Source: Giannuzzi P, et al. Circulation 1997;96: 1790-1797.
Although cardiac rehabilitation post-mi is generally regarded as beneficial, the role of exercise training after large Q-wave MI associated with reduced left ventricular function has been questioned. Thus, the results of the Exercise in LV Dysfunction (ELVD) trial is of interest. This multicentered trial randomized 80 asymptomatic patients, 3-5 weeks post first Q-wave MI with LV ejection fraction (EF) less than 40%, to a systematic six-month exercise program or a control group. Exercise consisted of 30 minutes of bicycle ergometry at least three times per week. All patients had a pre-randomization multistage symptom limited bicycle ergometric test, an echocardiogram, and a quality of life assessment. Only 77 patients completed the study; 39 in the training group and 38 in the control group. When the tests were repeated at six months, exercise capacity increased significantly only in the training group from 4.5 to 5.8 kpm (P < 0.01). LV volumes increased only in the control group; diastolic from 94 to 99 mL/m2 (P < 0.01); end-systolic volume from 62 to 67 mL/m2 (P < 0.01). LVEF improved only in the training group from 34% to 38% (P < 0.01). Some measures of quality of life improved significantly only in the training group. Giannuzzi and colleagues conclude that in patients after first Q-wave MI with LV dysfunction, systematic supervised exercise training may prevent LV remodeling and improve LV function.
COMMENT BY MICHAEL H. CRAWFORD, MD
This study suggests that a third intervention can reduce LV remodeling post-MI. ACE inhibitors and an open infarct artery have both been shown to abrogate post-MI LV function deterioration, and, now perhaps, exercise training needs to be added to the list. Also, it is noteworthy that about three-fourths of the patients in both groups were on ACEI, and two-thirds had open infarct arteries. Thus, exercise training seems additive to these interventions.
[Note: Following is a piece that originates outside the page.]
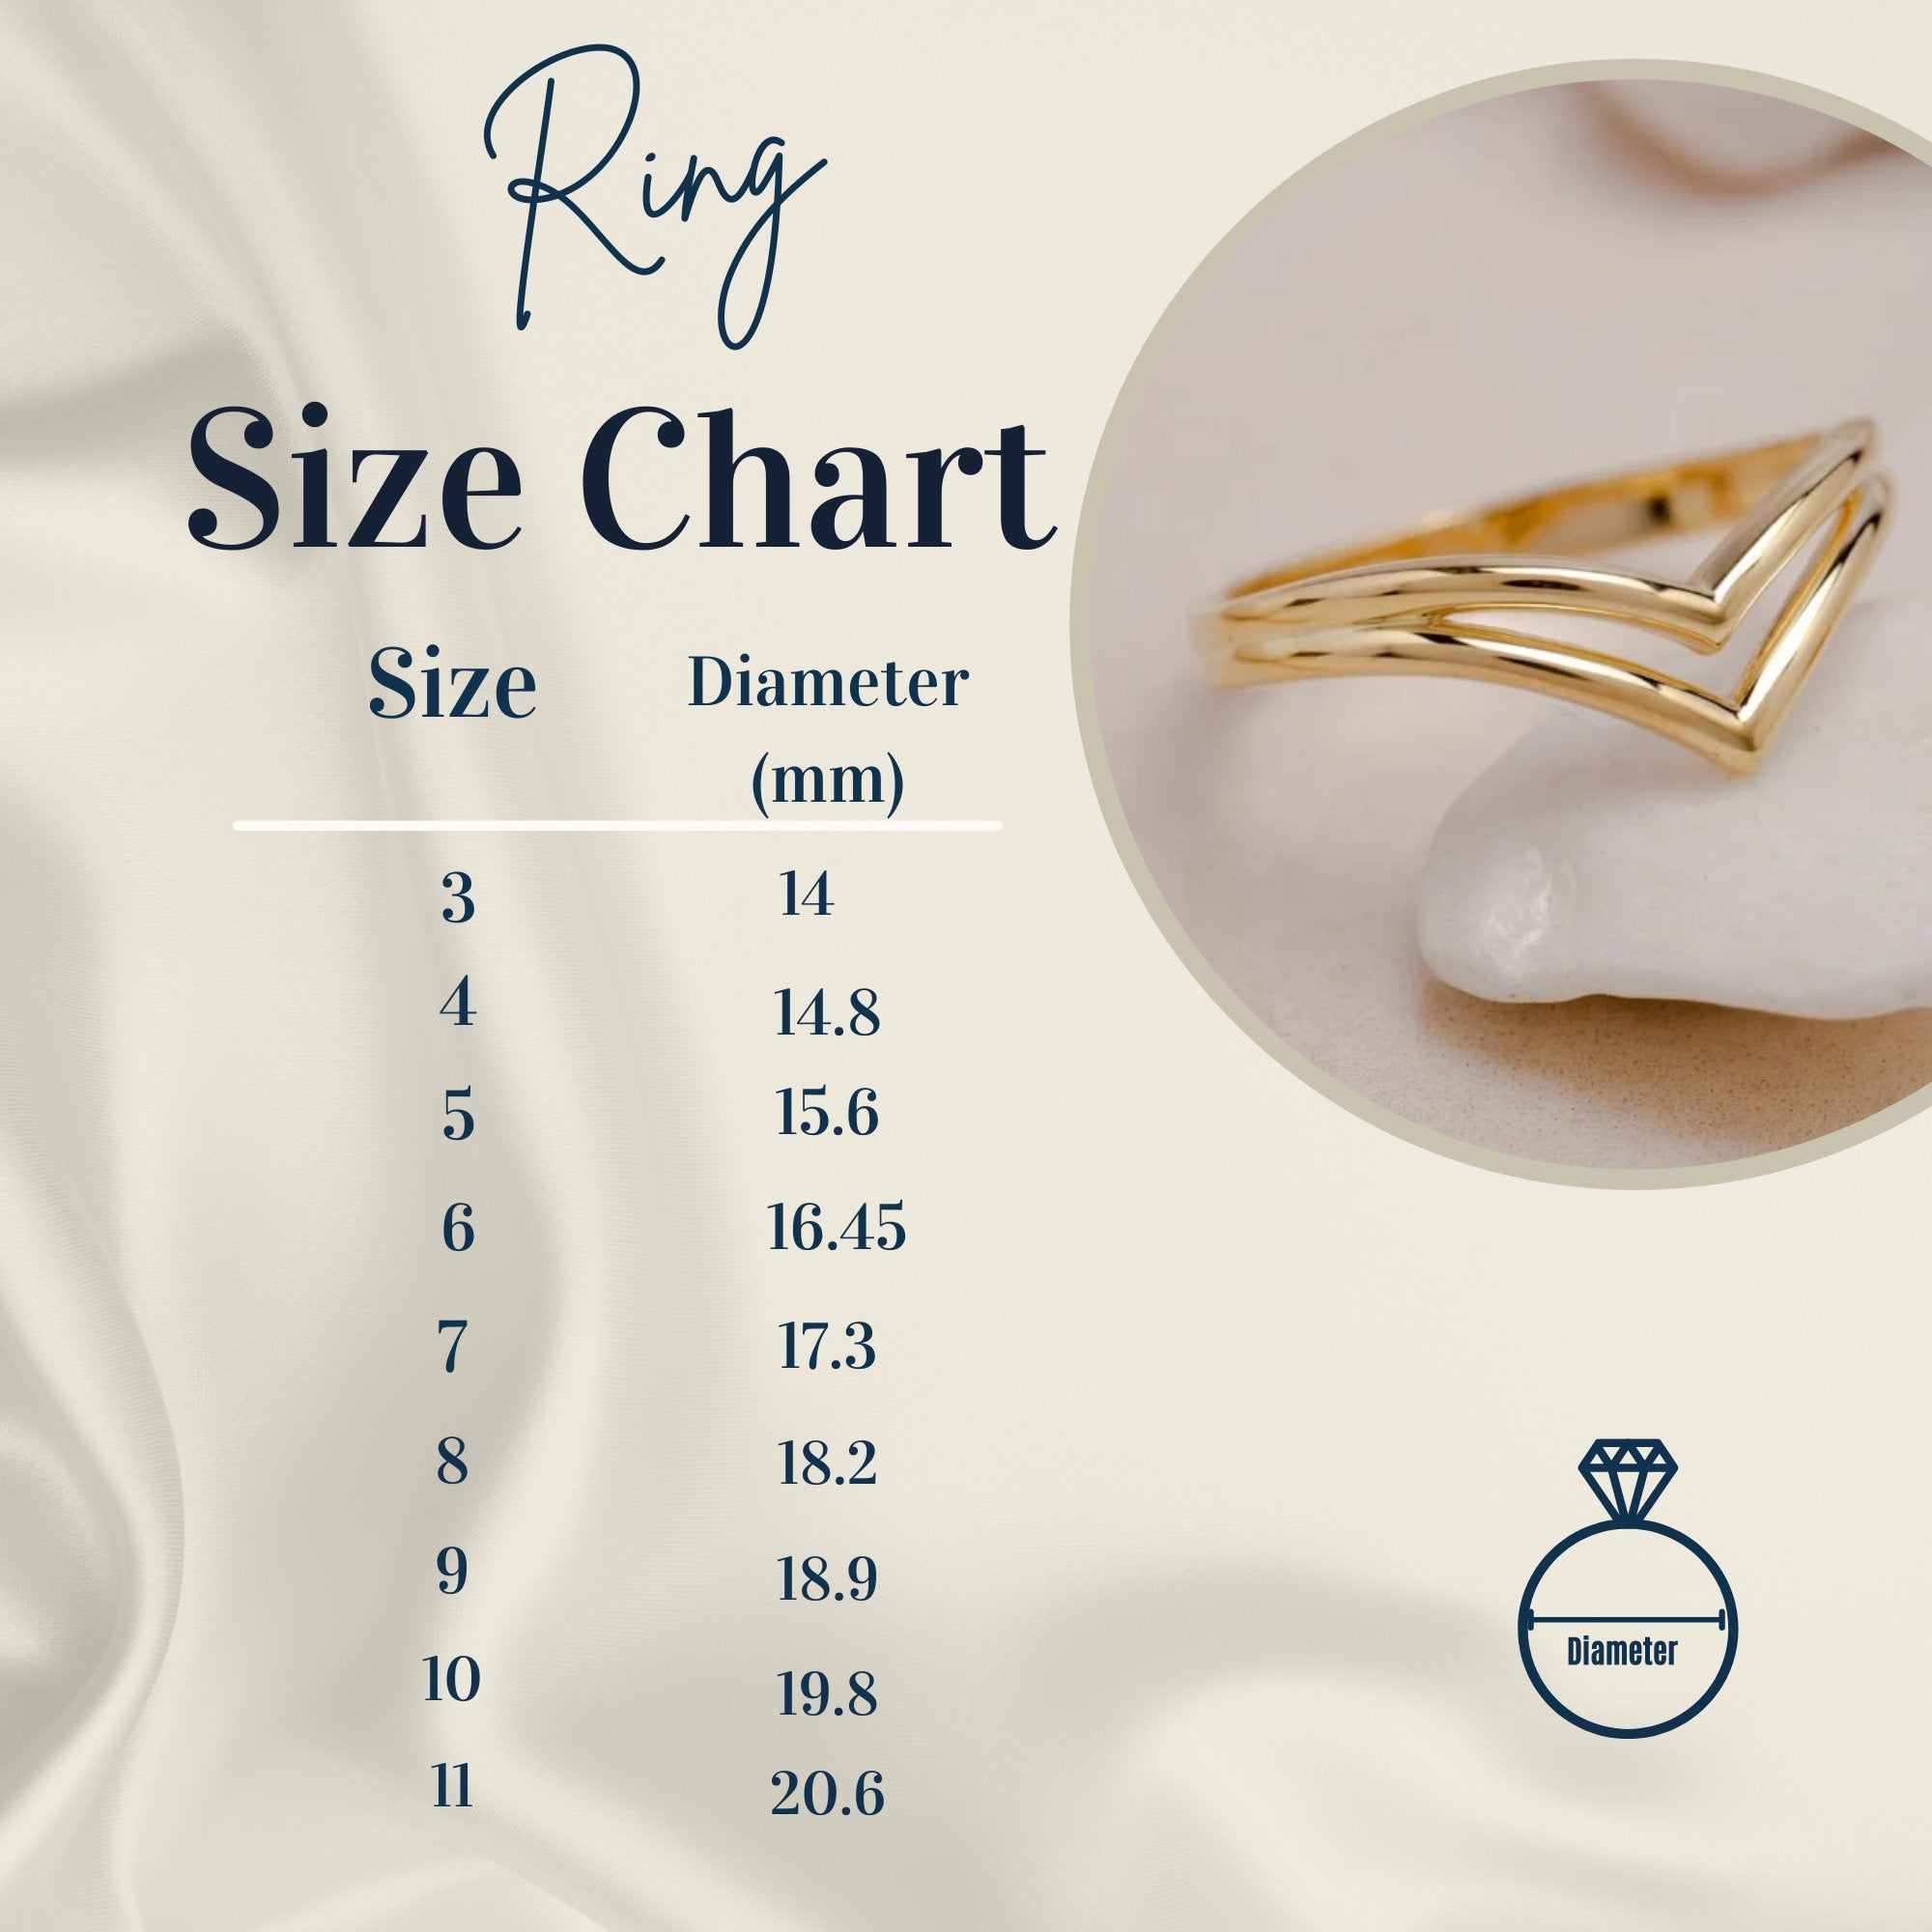 Jewelry 14k Gold Heartbeat Ring, 925 Sterling Silver Rhythm Heartbeat Promise Ring, Heartbeat Pattern Ring for Women, Heart Rhythm Ring

Exercise training improves exercise performance and patient well-being in post-MI and in heart failure patients. In the latter group, it is believed to be because of enhanced skeletal muscle blood flow or metabolism. The mechanism in post-MI patients has not been elucidated, but this study suggests it is due to the abrogation of LV remodeling. How exercise accomplishes this is unknown, but Giannuzzi et al suggest that it may be related to reduced wall tension secondary to decreased peripheral resistance. It is probably not related to improvement in myocardial ischemia, since patients with overt ischemia were excluded and most patients had a patent infarct artery.
Beta blockers improve survival post-MI especially in patients with large MIs and LV dysfunction, but the mechanism of the effect has not been established. About half the patients in both groups were on beta blockers in this study, which is better than the rate in many studies. It would be interesting to know the relative importance of these interventions. As each new intervention is shown to be beneficial, when given in addition to previously demonstrated beneficial therapy, there is a tendency to diminish the use of the older intervention. Thus, beta-blocker use post-MI has declined in favor of ACE and the open artery hypothesis. Should we forsake these for exercise training?